I want sex just to feel close and wanted and its heartbreaking
Have you discussed your “needs” with the OH if so what was said ? i guess ultimately only you can answer your own question !
yes i have and he says he wants to however is tired
yes i have and he says he wants to however is tired
Just a thought on that - if he genuinely feels that way perhaps there could be something medical underlying - if he really means it, could he speak with a doctor to see if there is anything causing excessive fatigue/ tiredness
he has a not so great shift pattern multiple 12hr nights and days in a row
Yeah I know it’s difficult, I hope you wasn’t thinking I was saying you argue or fight, It was just to point out from my own experience that even with the most love in a relationship thats just not enough and you have to take stock, whilst looking at the past is always what you want especially if it was great you need to look at how you are in the moment and think about the future, if you think you can make the future what you want and it’s worth fighting for then it’s worth it, if you think you can’t see anything to say your life will be what you want and you’ll be happy despite no matter how much you love them then you’ve got to decide thats what you want. It’s a hard decision to make and as much advice we can give it’s only you who can decide. For me the first I will never know if I made the right decision, the second was undoubtedly the right decision but now I’m in a 25 year marriage, 2 kids and very happy, I have my vices which are much discussed on here, but I very much love my OH and I’m very happy, so in a way I did make the right decisions. XxX
Hmm that’s tough. His shifts sound like a nightmare.
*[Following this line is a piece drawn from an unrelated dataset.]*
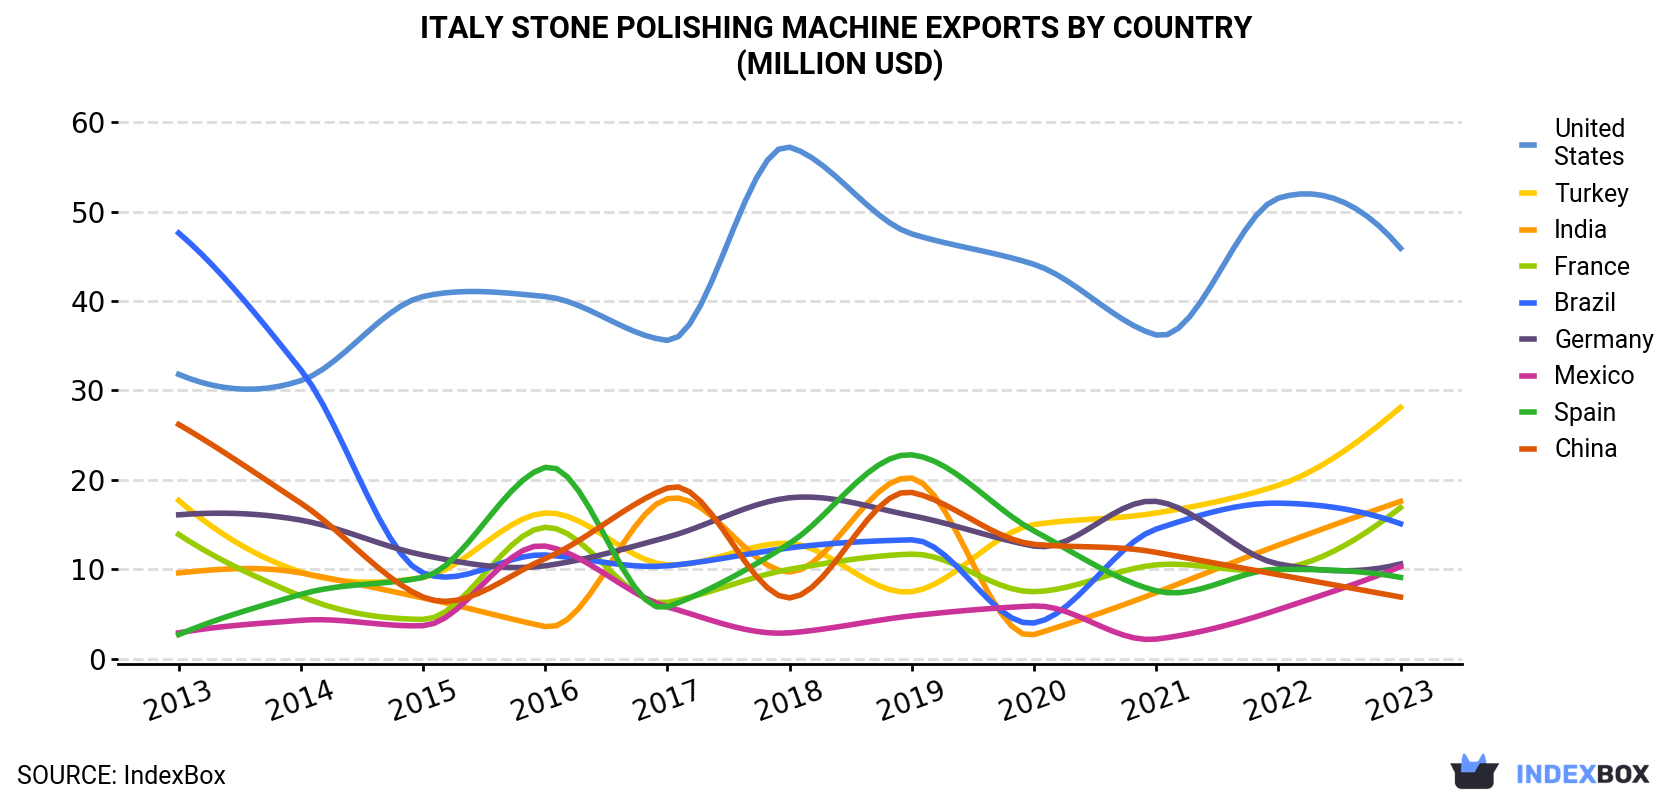 Italy Stone Polishing Machine Exports By Country (Million USD)

I feel like I’ve been in a similar place to your OH from an intimacy perspective. I know my husband probably felt as frustrated as you have described.
At the time, it didn’t matter what he did - if he was angry, upset, or romanced me like when we met - it was about me. Until he is ready to address his own issues you are to some extent helpless.
In my case, I hadn’t realised how stuck in my own comfortable married bubble I was until something terrible happened in my family. Losing someone made me reassess what was important in my life, and the things I took for granted.
My husband happiness, in all aspects of our life, esp. sex life suddenly was back on my radar in a big way. Taking the first step towards improving our intimacy was scary but as soon as I did it, it was like someone lit a fire that has not gone out!
I hope you get there but if you can’t you need to weigh up if the relationship is worth it without the sex life you would want.